§ **DATA SECTION**:
——————

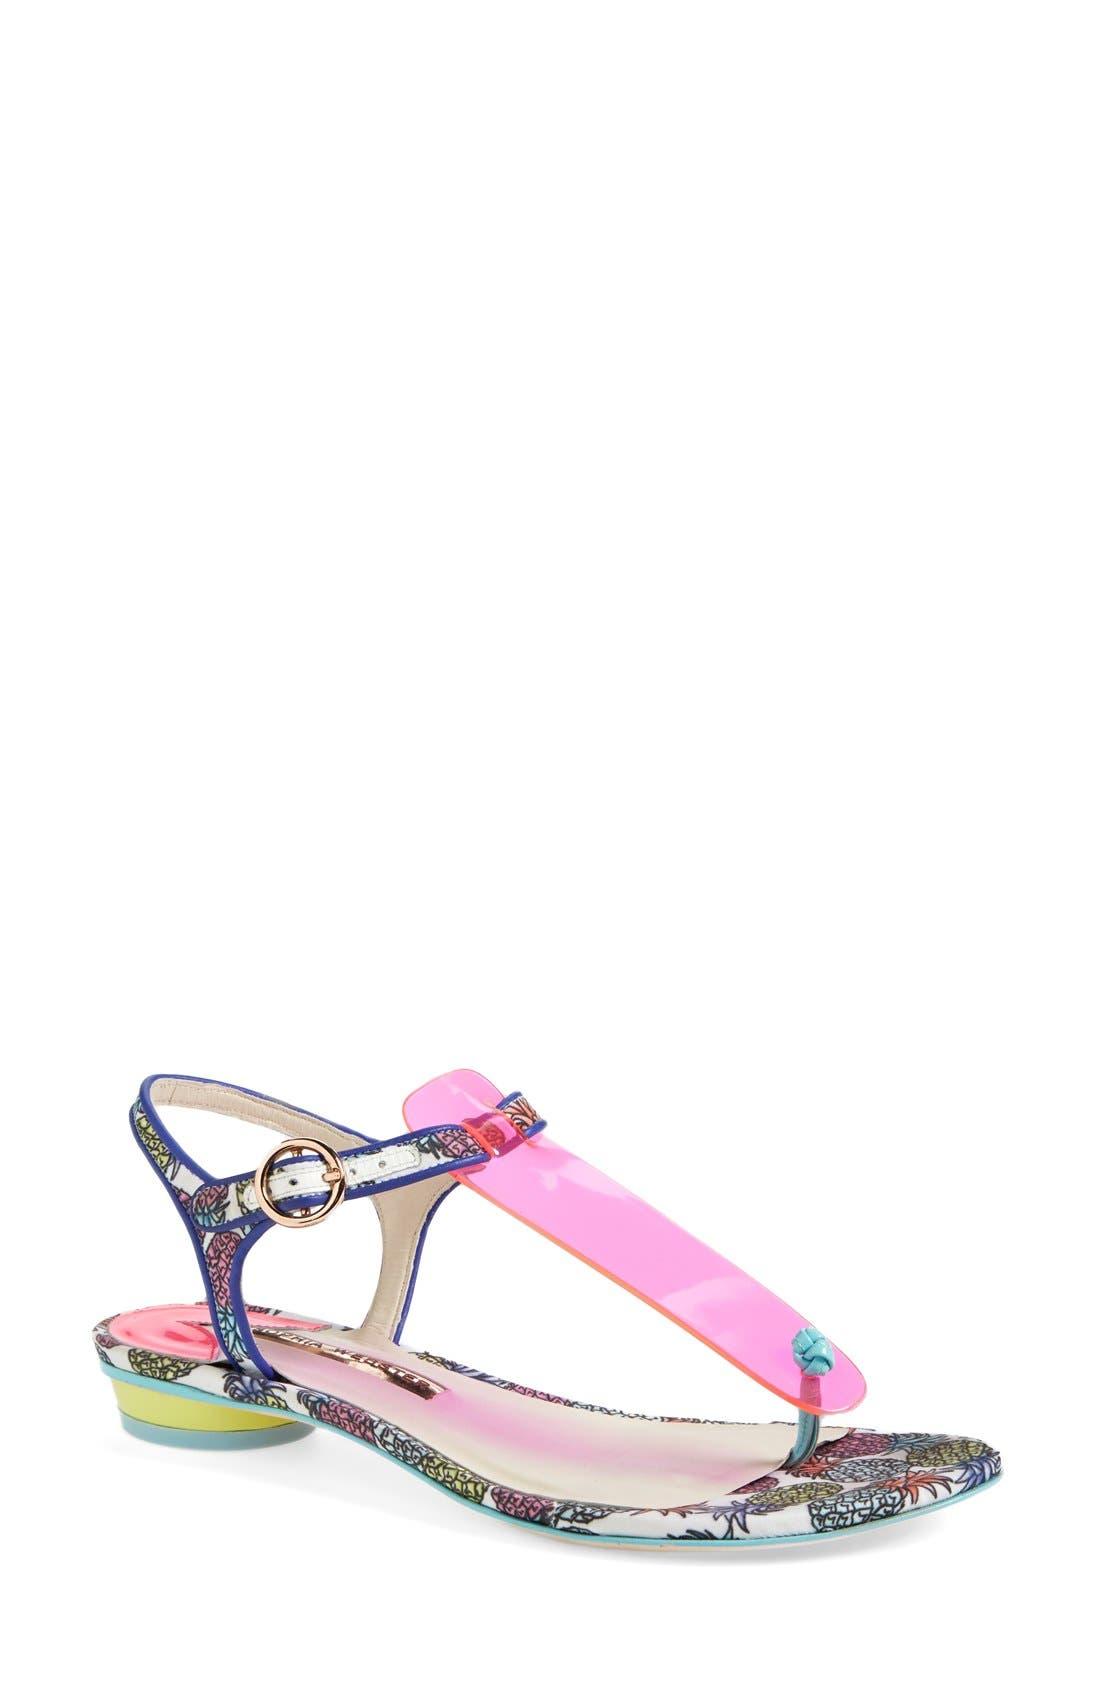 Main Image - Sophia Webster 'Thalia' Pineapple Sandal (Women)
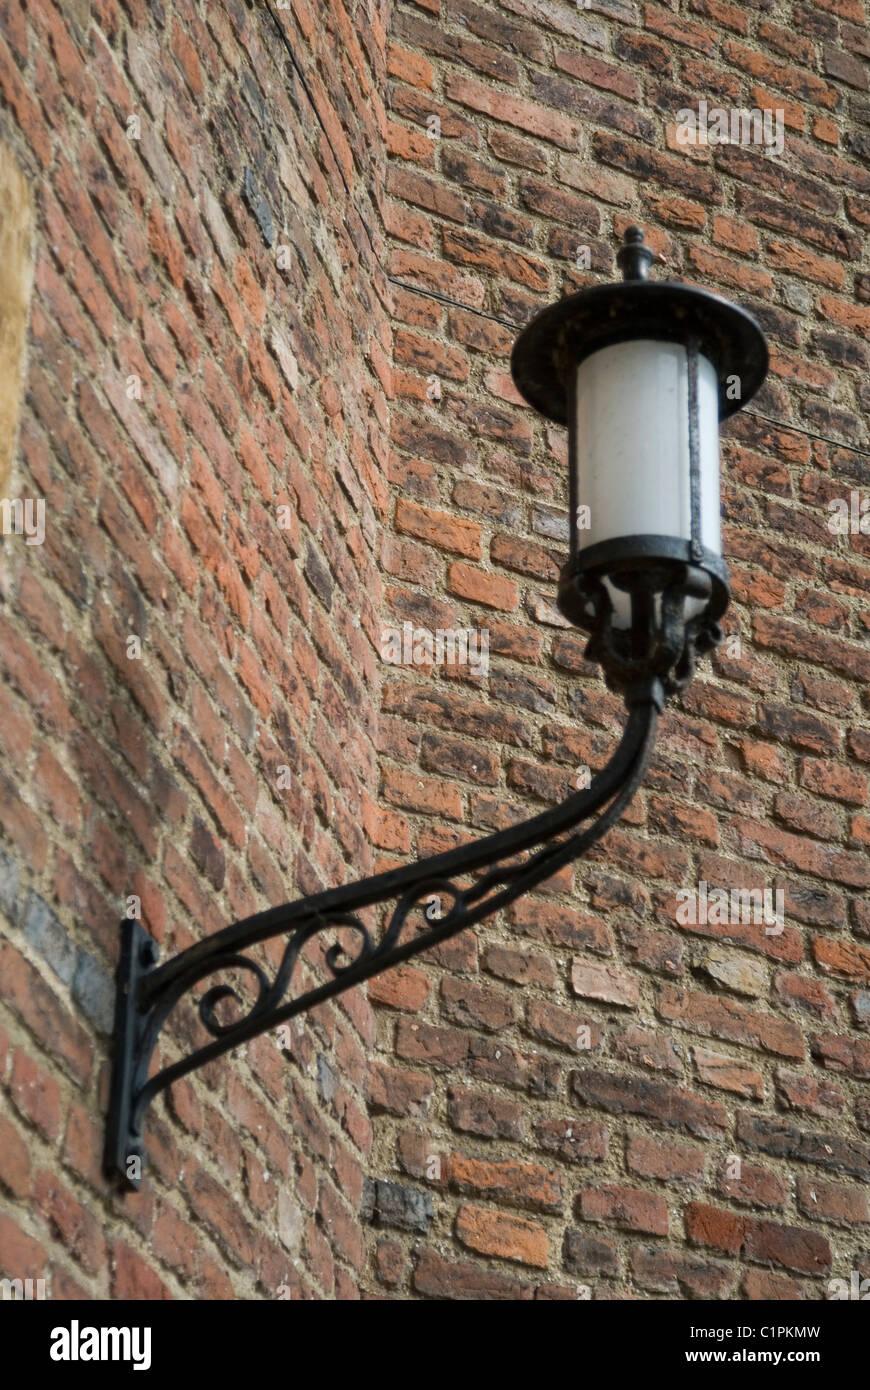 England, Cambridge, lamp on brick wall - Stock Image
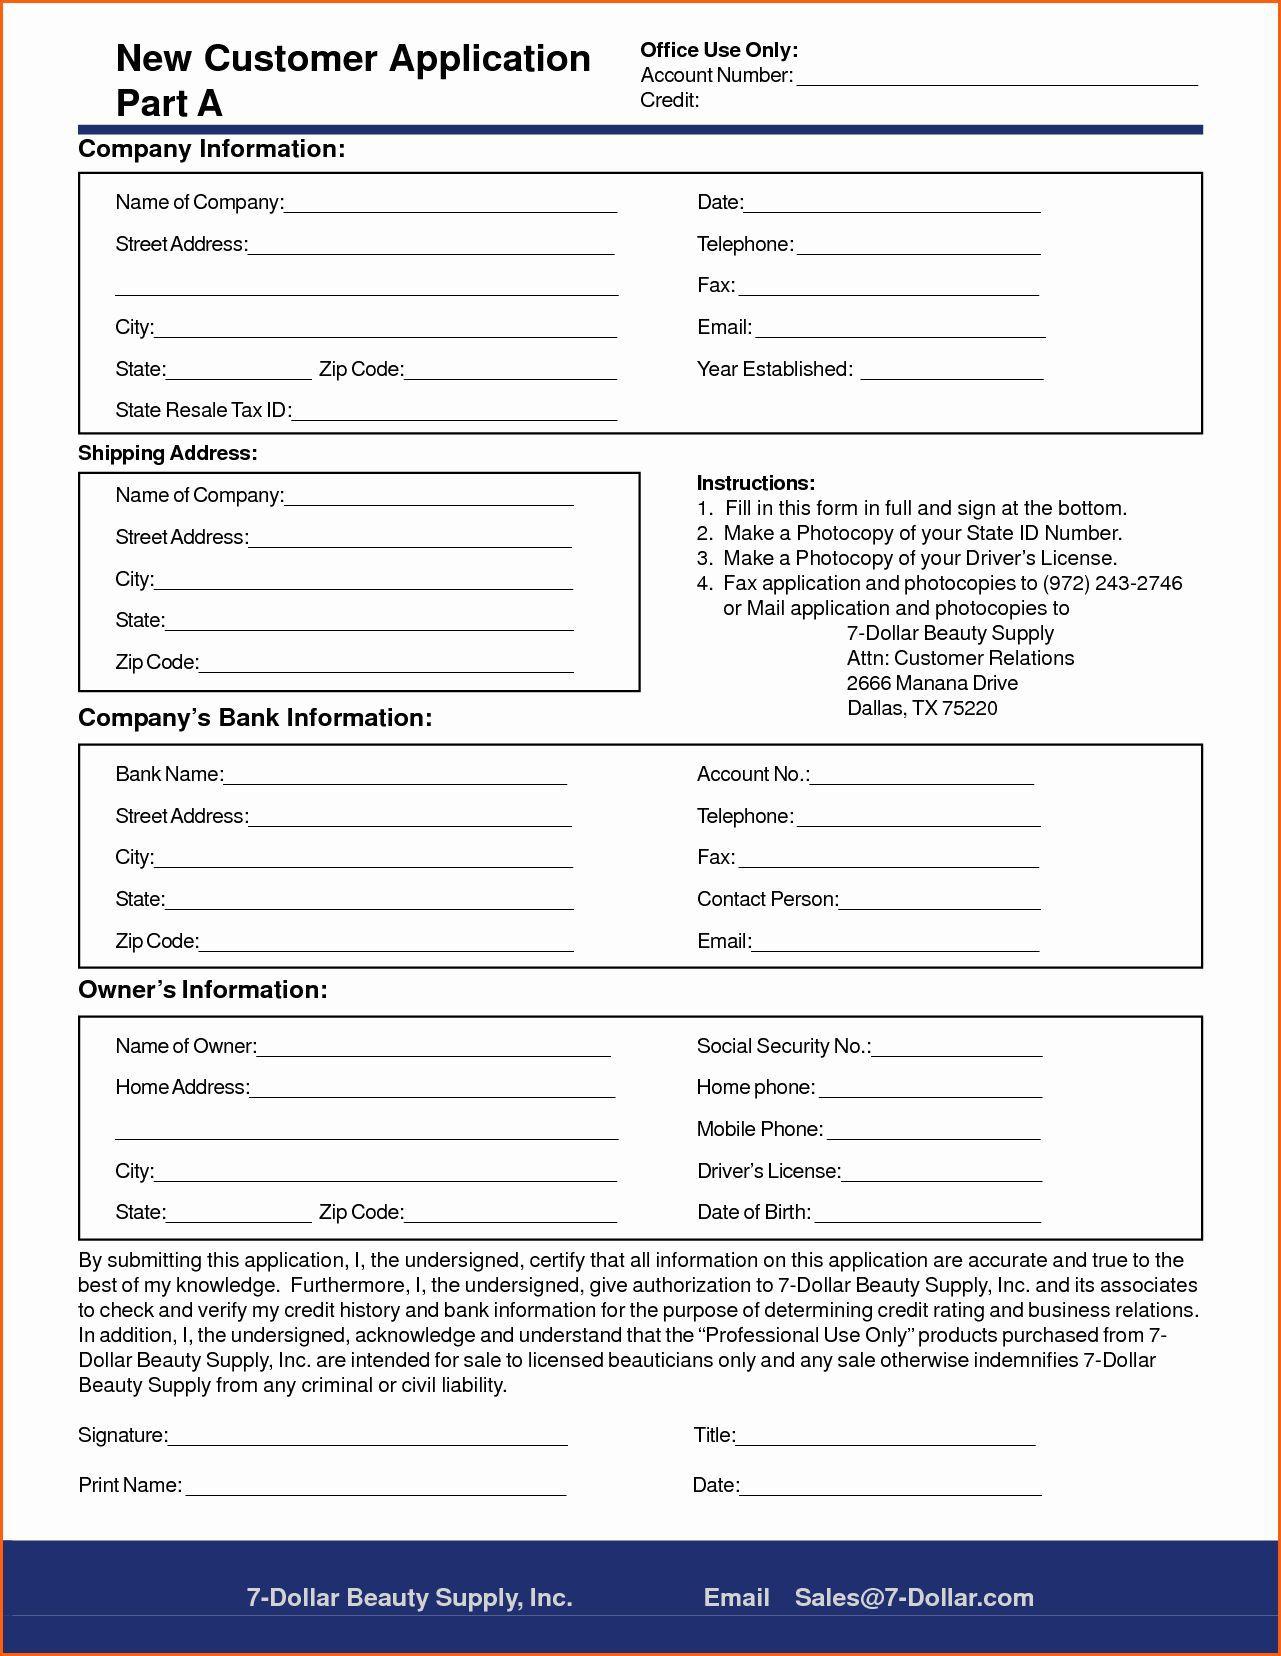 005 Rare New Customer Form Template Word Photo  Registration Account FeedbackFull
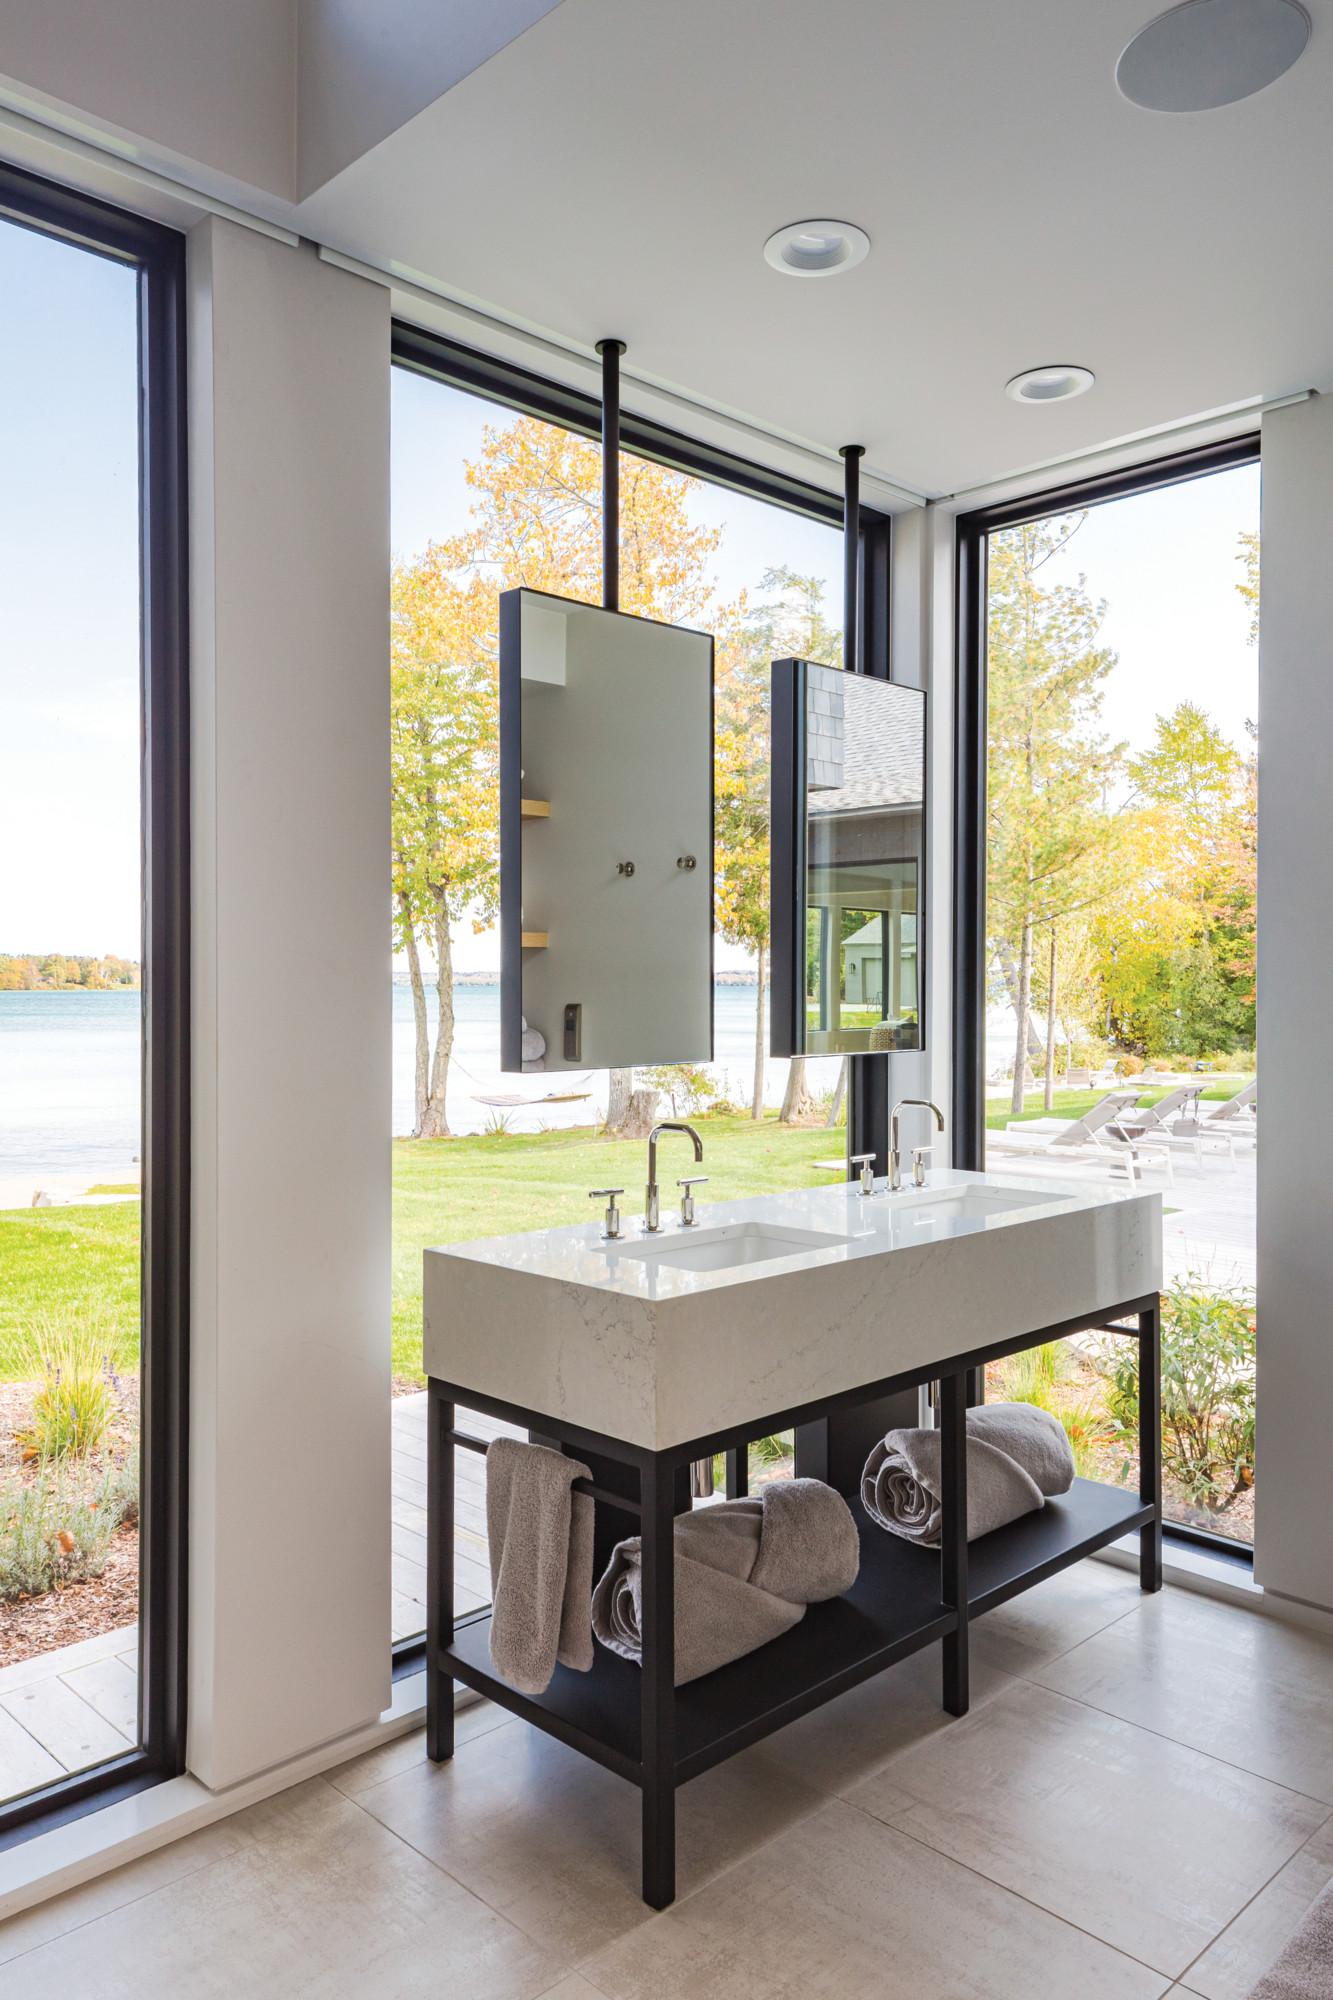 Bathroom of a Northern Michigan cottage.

——————

§ **WORK TO BE COMPLETED**: The listing above must be repeated exactly. Its pictures are not part of the copy.

§ **ANSWER BOX**:
 Main Image - Sophia Webster 'Thalia' Pineapple Sandal (Women)
 England, Cambridge, lamp on brick wall - Stock Image
 005 Rare New Customer Form Template Word Photo  Registration Account FeedbackFull
 Bathroom of a Northern Michigan cottage.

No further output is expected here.